然而因为李重华受伤,回掌印府的事情到底是耽搁了,李浔竟然也没有先回去的打算,就日日乘着马车下山入城进宫,又乘着马车回到山庄。
对方的日程一紧,二人见面的时间也就变得更少了。
李重华一边养伤一边研究那日在藏书阁中找出来的书,无人来打扰,也乐得清闲,《密诡簿》终究是不敢再翻开了,只等伤好之后再说。
日子一天天过去,等回到掌印府时已经是十二月,雪下得比半旬之前更重更厚,掌印府的门口即使有人清扫,却也还是堆了厚厚的一层。
说来也是奇怪,盖上雪之后,这座空洞了无生机的宅子,竟然多了几分烟火气,到底还是套离不开这个人世间的风霜雪雨。

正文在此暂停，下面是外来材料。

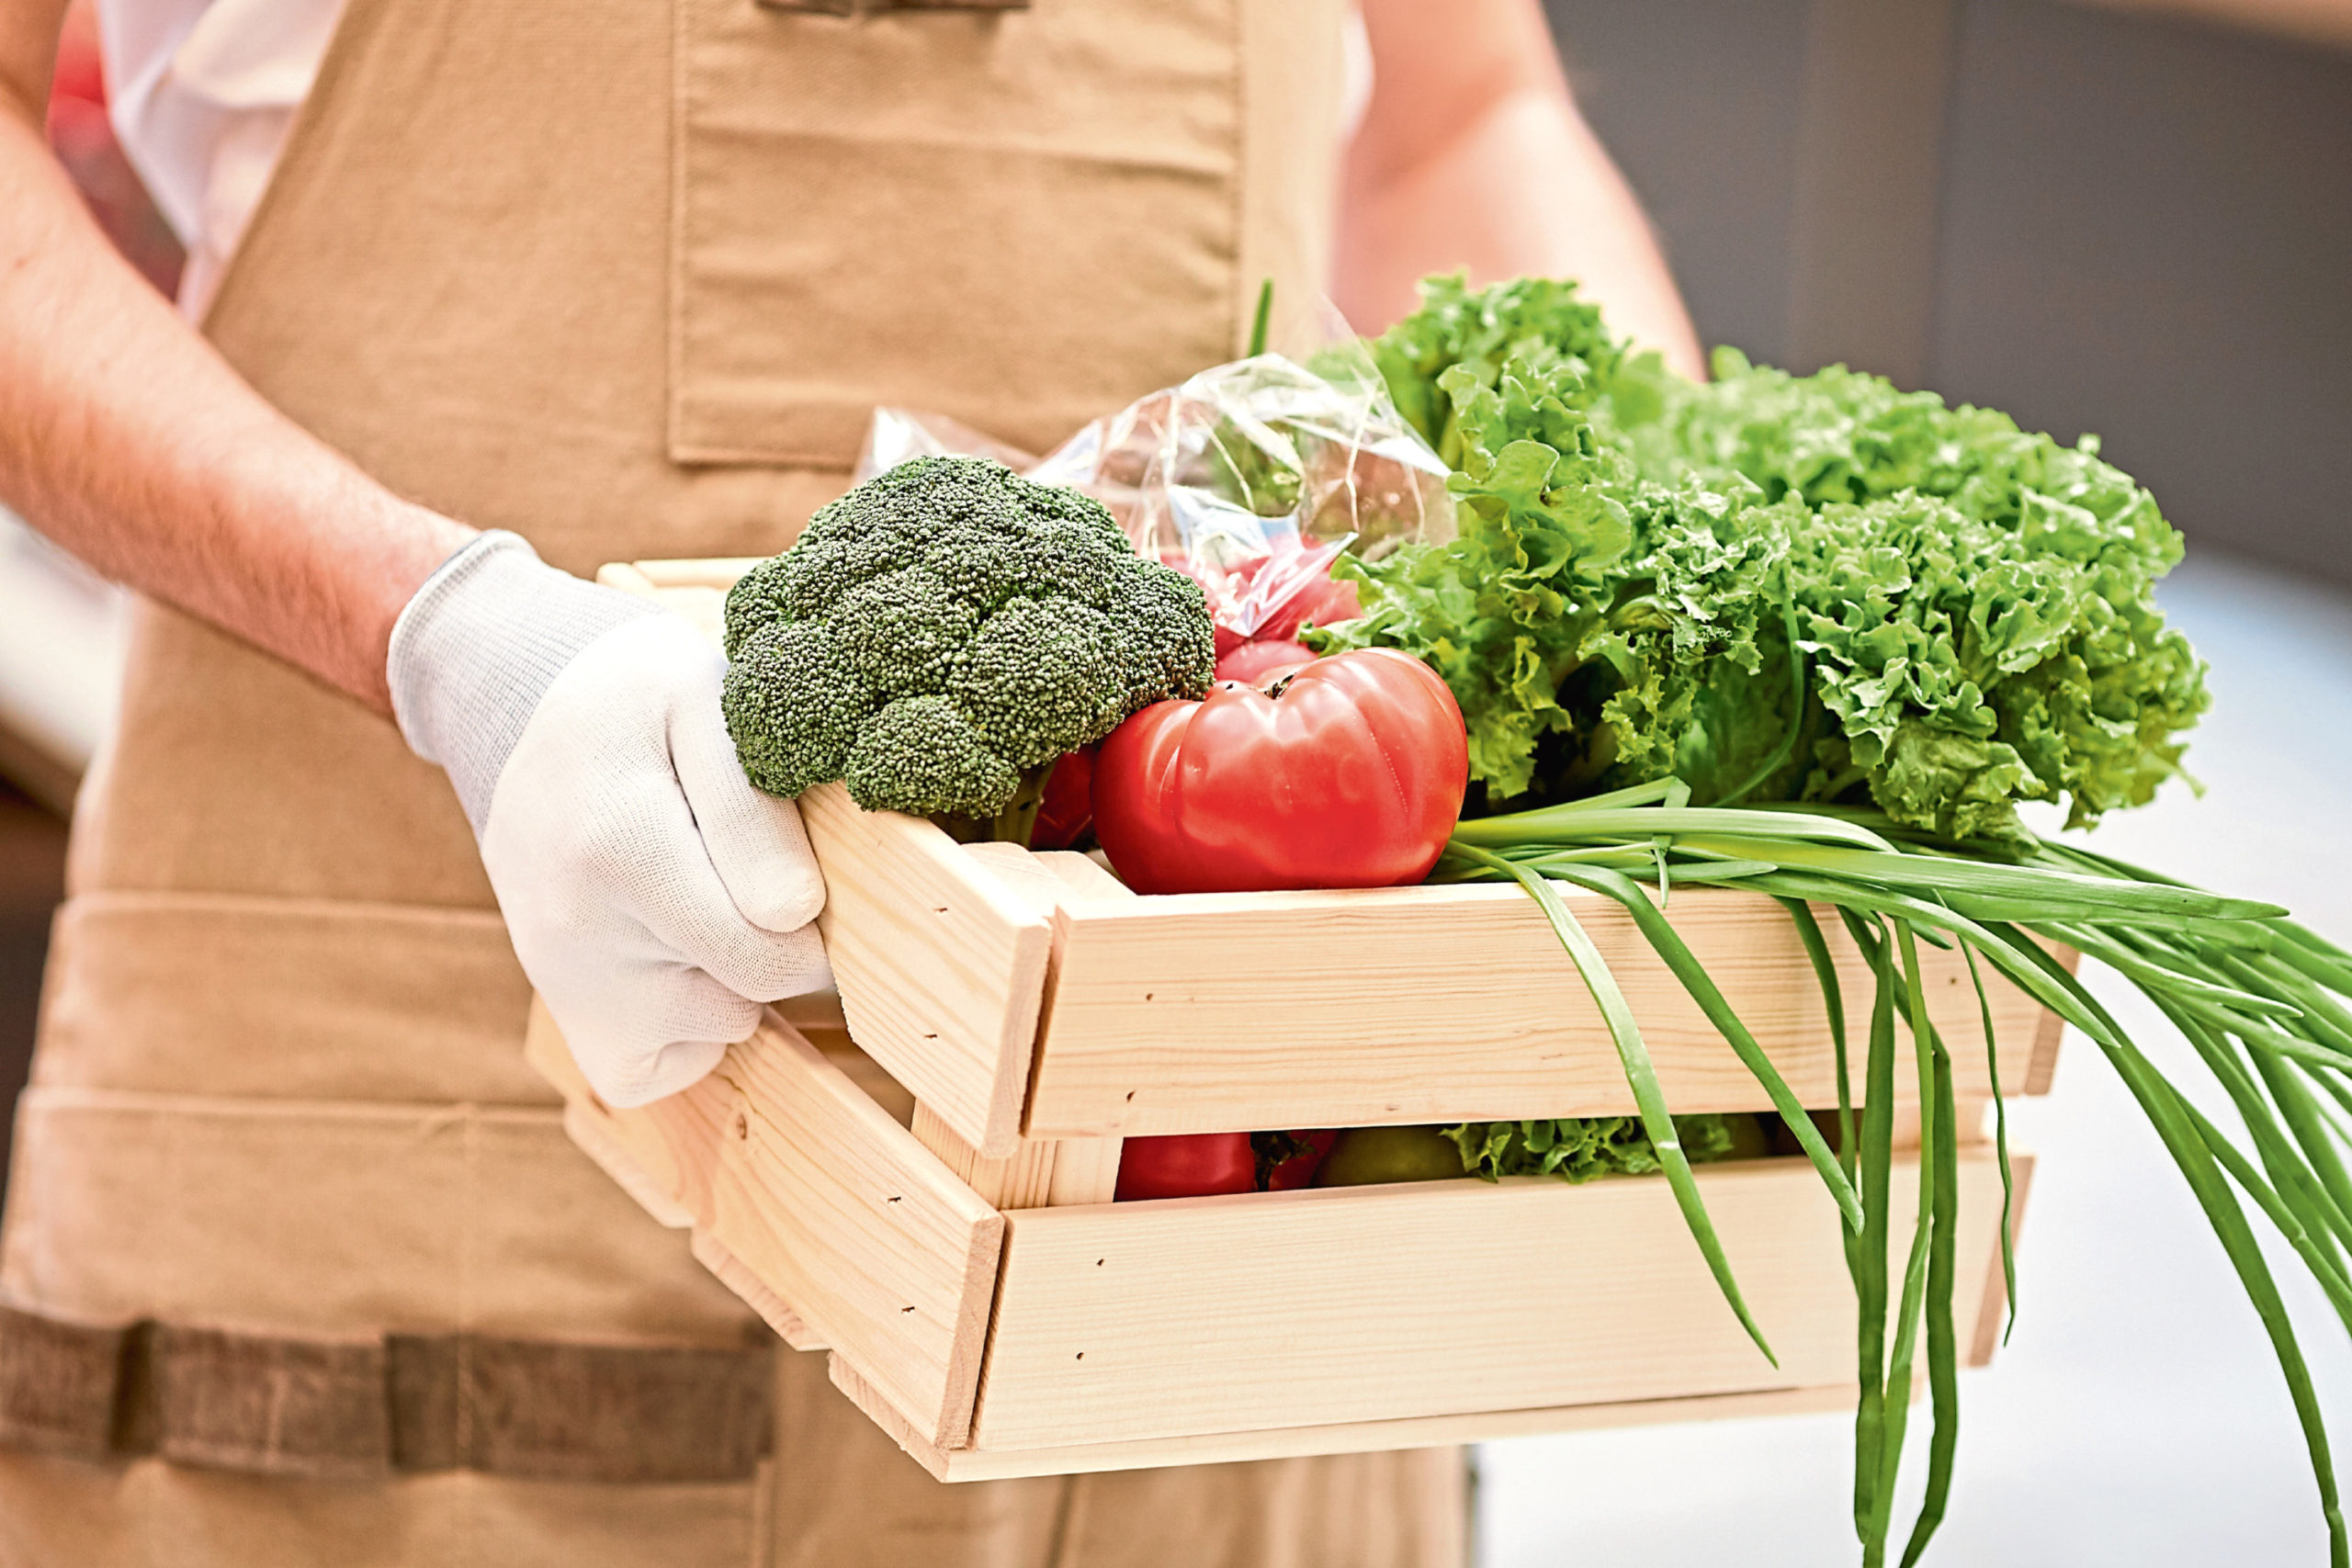 Sales of vegetable boxes have soared under lockdown.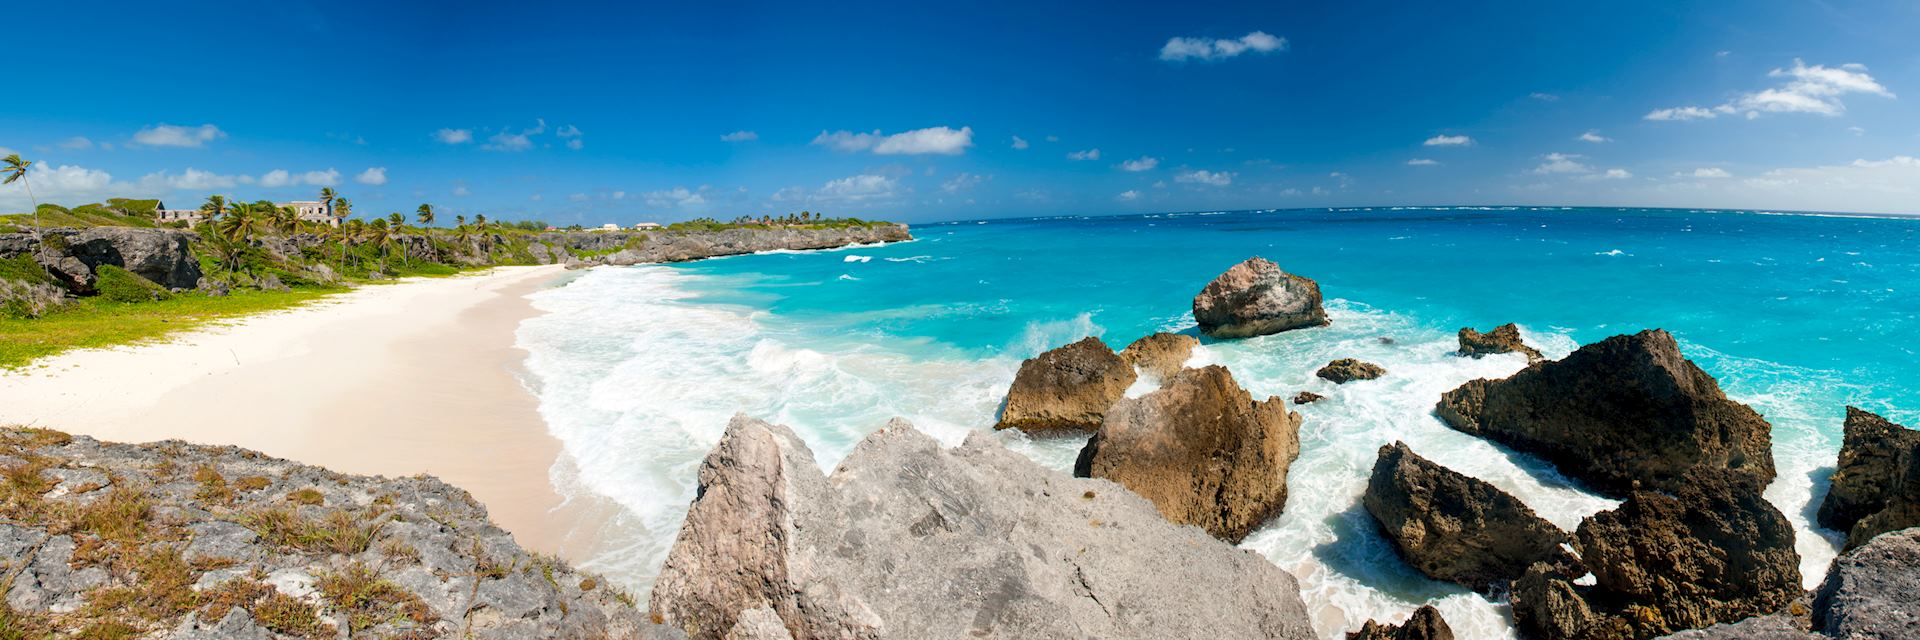 Harrismith Beach, Barbados

李重华回到院子的时候,看到了一张久违了的脸,不过半旬过去,似乎就恍如隔世了。
原先正在清扫原子的小柳,在看到李重华之后,立刻跪在地上恭恭敬敬地对他行了一个大礼,“拜见公子。”
他惊了一下,让对方赶紧起来,又感慨地说道:“小柳,倒是很久没有见着你了。”
“奴……奴前些日子领了些其他的事儿。”稳重的小柳难得在说话的时候会有停顿的时刻,“没能好好伺候公子,教公子劳累了。”
李重华不知道他这话里时真心还是假意,毕竟他和李浔一样让人难以揣测,但听到这样的话还是难免会唏嘘,特别是他身边已经有了雁音和遥梦。
还没能给出一个回答,站在他身后的雁音就开了口。“公子,这天冷着呢,有些什么话还是进屋里说吧,你的身体哪能受寒啊!”
小柳像是才发现李重华身边跟着两个陌生的人,一直淡然的脸上怔忪了片刻,才说道:“是奴的错,一时忘了公子畏寒了。”
身上披着厚厚的狐皮披风,是受伤之后李浔叫人送来的,手里也捧着一个汤婆子,虽说他刚刚伤势痊愈也不抵寒,但也不至于话都说不了几句。
他看了一眼雁音,也没有就此说些什么,只对着小柳道:“这会儿子天冷,让大家都先不急着扫雪,我索性也不出门,大家都歇一会儿吧。”
“你,你吩咐完就进屋吧,外面天冷。”
小柳的真心假意先不谈,但也毕竟有服侍过他的情分在,况且子卯没有对小柳做些什么,又让回了他的院子里,就说明这个人的心还是向着掌印府的。
如今也不好把事情弄得太尴尬。
“诶,好。”得了吩咐,小柳似乎比方才要有精神了些,放下了扫帚就去招呼院儿里其他正在打扫的小厮。
李重华多看了几眼他的背影,觉得他与从前不一样了。
“公子,那小柳是谁呀?”进了厢房,没了不熟悉的人,雁音的话就又多了起来。“瞧着公子和他是旧相识呢!”
他接过遥梦倒的热茶,抿了一口。“你们没来之前,是他一直伺候着。”
“从前伺候公子的只有一个人吗?这哪里能做得妥当呢,怪不得他要说伺候不当了。”雁音跺了跺脚。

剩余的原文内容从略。